In een debat met de Tweede Kamer, dinsdag jl., meldde minister Hoogervorst (Volksgezondheid) niet van plan te zijn nu al een eind te maken aan de manier waarop farmaceutische bedrijven toezicht op reclame voor medicijnen houden. Oppositiepartijen PvdA, GroenLinks en de SP hadden hem daar in het debat om gevraagd. Aanleiding was de uitspraak van de minister vorige week in de media, dat hij zelf misschien niet gekozen zou hebben voor zelfregulering. De kamer spoort de minister aan tot actie.

“Dat was voor mij een openbaring en ik was daar blij mee, maar als hij dat vindt, moet hij er wel iets aan gaan doen. Hij twijfelt of hij zelf wel tot zelfregulering zou zijn overgegaan. Zo ken ik hem niet! (…) Nu zegt hij dat zijn voorgangers dat nu eenmaal hebben besloten, dat hij het waarschijnlijk zelf niet gedaan zou hebben -- daar komt het eigenlijk toch wel op neer -- dat hij het allemaal ook niet zo goed vindt lopen, maar het toch maar even zo wil laten! Zo ken ik de minister niet en daarom wil ik hem aansporen om op dit punt gauw stappen te zetten.”

“De minister erkent ook dat de bewustwordingspotjes -- ik noem die altijd symptoomreclame -- kunnen bijdragen aan medicalisering en dat er veel te veel aan marketing wordt uitgegeven. Hij maakt zich zorgen over de onafhankelijkheid bij de nascholing en het maken van behandelstandaarden. Maar, vervolgens wordt daar niet naar gehandeld!

Hoogervorst zelf vindt meer haast niet opportuun.”Wat mij vooral opviel in dat boek is hoe vreselijk het vroeger het was -- er werden toen grote reizen cadeau gedaan -- en wat voor een klein gekrabbel het nu allemaal is. (..) De omvang van dat gekrabbel vond ik inderdaad opvallend. In 2007 zullen wij een en ander zorgvuldig onder de loep nemen en vervolgens zullen wij onze conclusies trekken. Waarom zou ik de afspraak om in 2007 te evalueren nu doorbreken? Dan lijkt het alsof wij niets anders te doen hebben.

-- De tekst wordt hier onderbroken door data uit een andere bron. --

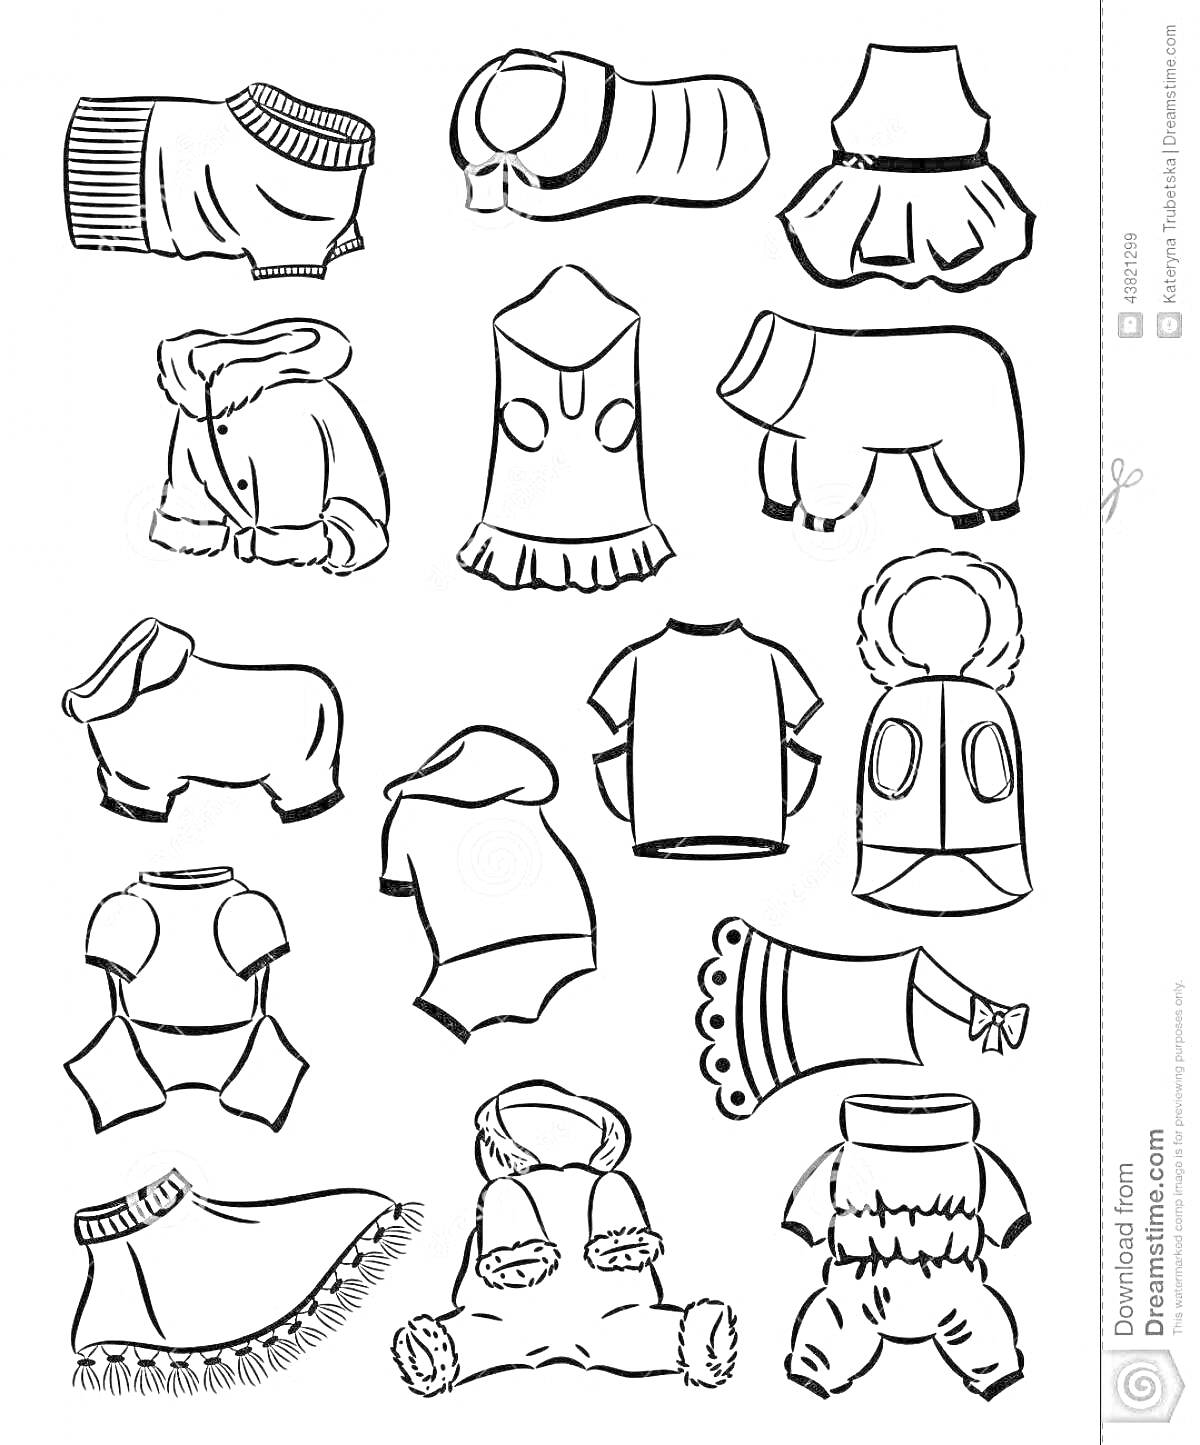 Раскраска Различные виды одежды для собак, включая свитера, жилеты, куртки, комбинезоны и платье с принтом.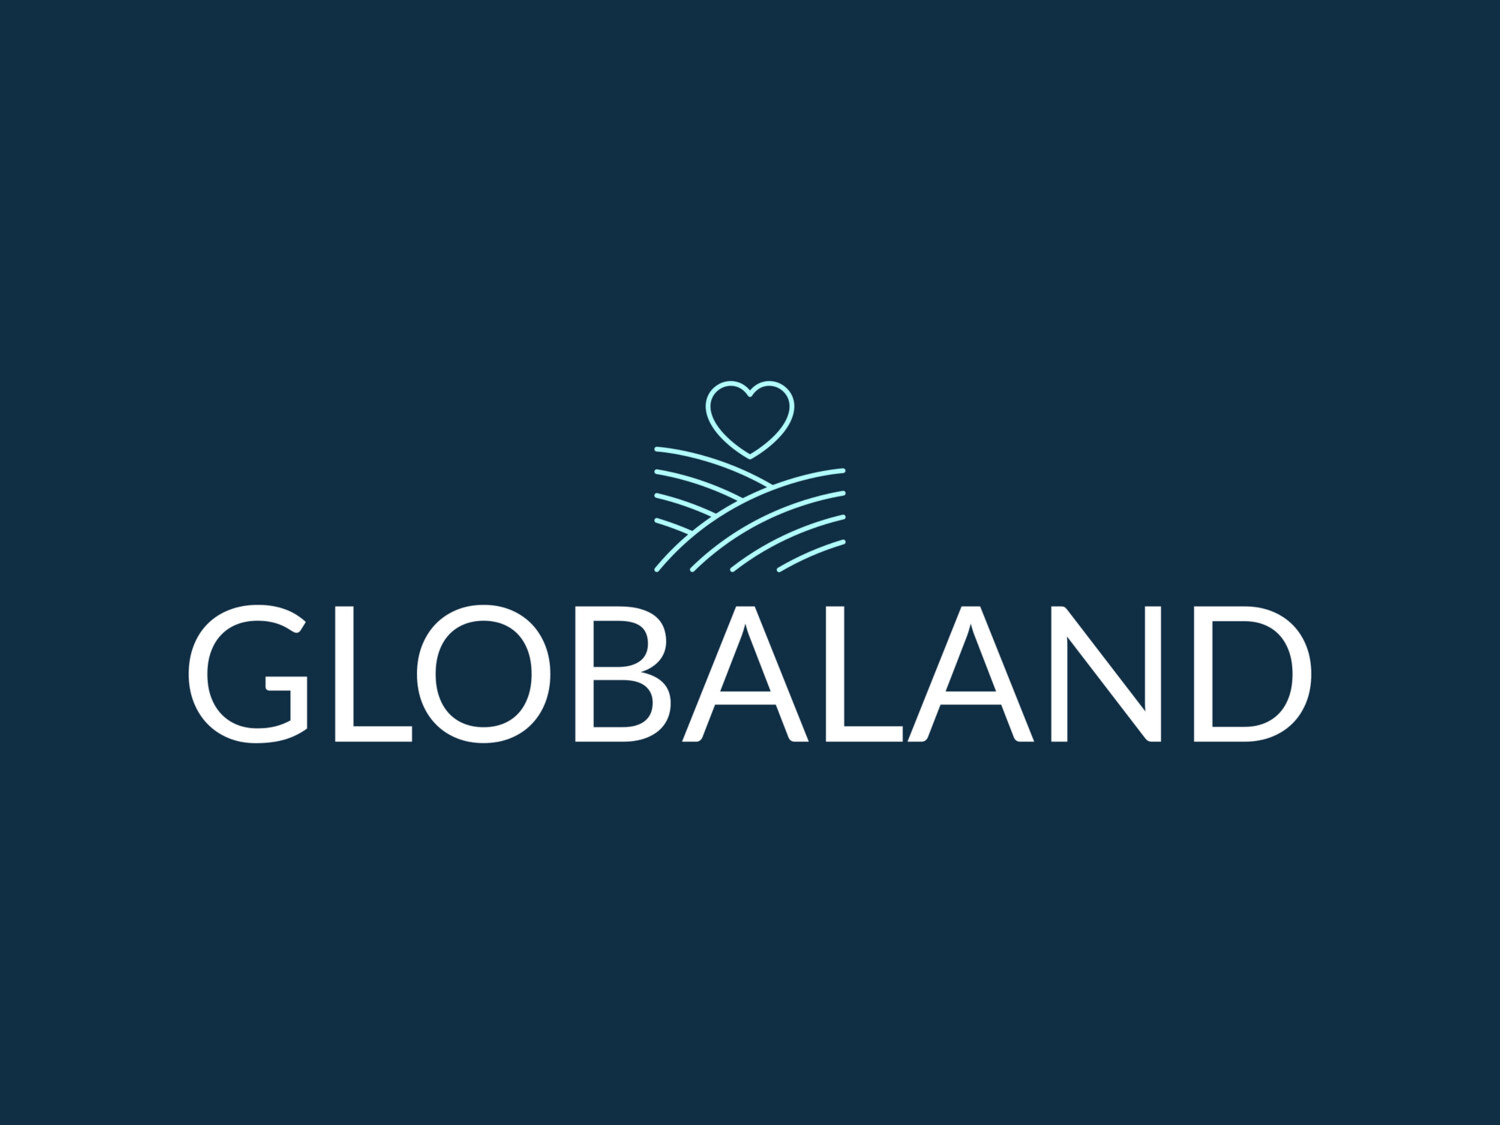 Globaland.com

Lees het stenografisch verslag van het debat hier (wacht niet te lang anders is het weg).

IEF 1786

Donderdag Uitsprakendag

En nog twee vonnissen om eerst even rustig zelf te bestuderen (met dank aan Wouter Pors, Bird & Bird):

- Rechtbank Amsterdam, 16 maart 2006, KG 06-368 AB. Pretium Telecom tegen KPN telecom. De jonste veldslag in de oorlog tussen Pretium en KPN. Geschil over verzenden van ‘de Brief.’ Lees het vonnis hier.

- Gerechtshof Amsterdam, 9 maart 2006. Merck Sharp en Dohme tegen Pharmachemie B.V. Nieuwe uitspraak in MSD's loopgravenoorlog. Lees het arrest hier.

IEF 1784

In contanten

Hof van Justitie, 16 maart 2006, zaak C-234/04, Duitse prejudiciele vragen naar aanleiding van Kapferer tegen Schlank & Schick GmbH. Misleidende reclame, maar eigenlijk alleen procesrecht. Voor de liefhebber.

Als consument had Kapferer van Schlanck & Schick meerdere malen reclamemateriaal ontvangen waarin haar prijzen waren toegezegd. Ongeveer twee weken na een nieuwe, tot haar persoonlijk gerichte brief waarin stond dat voor haar een prijs in de vorm van een tegoed in contanten ter beschikking stond, ontving zij een envelop met daarin onder meer een bestelbon, een schrijven over de laatste kennisgeving met betrekking tot dit tegoed in contanten en een rekeningoverzicht. Volgens de deelnemings/uitkeringsvoorwaarden op de achterkant van de „laatste kennisgeving” moest voor de uitkering van het tegoed een vrijblijvende proefbestelling worden geplaatst.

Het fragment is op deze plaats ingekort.